The phrases “at least one,” “one or more,” “or,” and “and/or” are open-ended expressions that are both conjunctive and disjunctive in operation. For example, each of the expressions “at least one of A, B and C,” “at least one of A, B, or C,” “one or more of A, B, and C,” “one or more of A, B, or C,” “A, B, and/or C,” and “A, B, or C” means A alone, B alone, C alone, A and B together, A and C together, B and C together, or A, B and C together.

The term “a” or “an” entity refers to one or more of that entity. As such, the terms “a” (or “an”), “one or more,” and “at least one” can be used interchangeably herein. It is also to be noted that the terms “comprising,” “including,” and “having” can be used interchangeably.
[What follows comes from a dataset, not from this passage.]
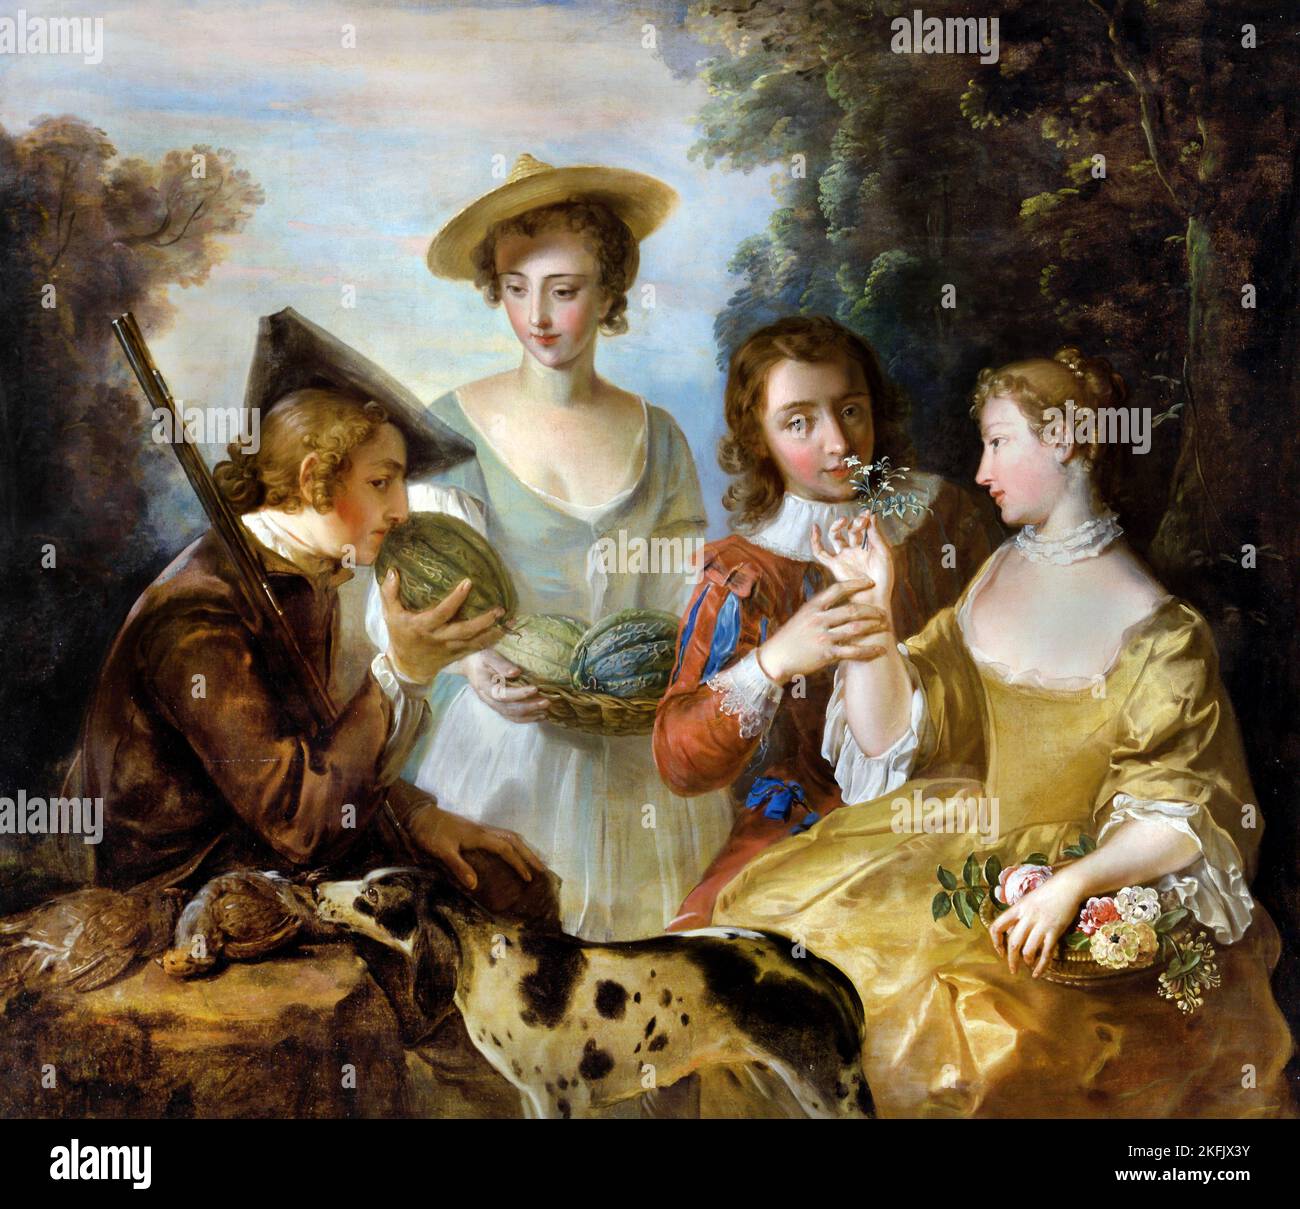 Philippe Mercier; le sens de l'odorat; Circa 1744-1747; huile sur toile; Yale Center for British Art, New Haven, États-Unis. Banque D'Images

The term “automatic” and variations thereof, as used herein, refers to any process or operation, which is typically continuous or semi-continuous, done without material human input when the process or operation is performed. However, a process or operation can be automatic, even though performance of the process or operation uses material or immaterial human input, if the input is received before performance of the process or operation. Human input is deemed to be material if such input influences how the process or operation will be performed. Human input that consents to the performance of the process or operation is not deemed to be “material.”

Aspects of the present disclosure may take the form of an embodiment that is entirely hardware, an embodiment that is entirely software (including firmware, resident software, micro-code, etc.) or an embodiment combining software and hardware aspects that may all generally be referred to herein as a “circuit,” “module,” or “system.” Any combination of one or more computer-readable medium(s) may be utilized. The computer-readable medium may be a computer-readable signal medium or a computer-readable storage medium.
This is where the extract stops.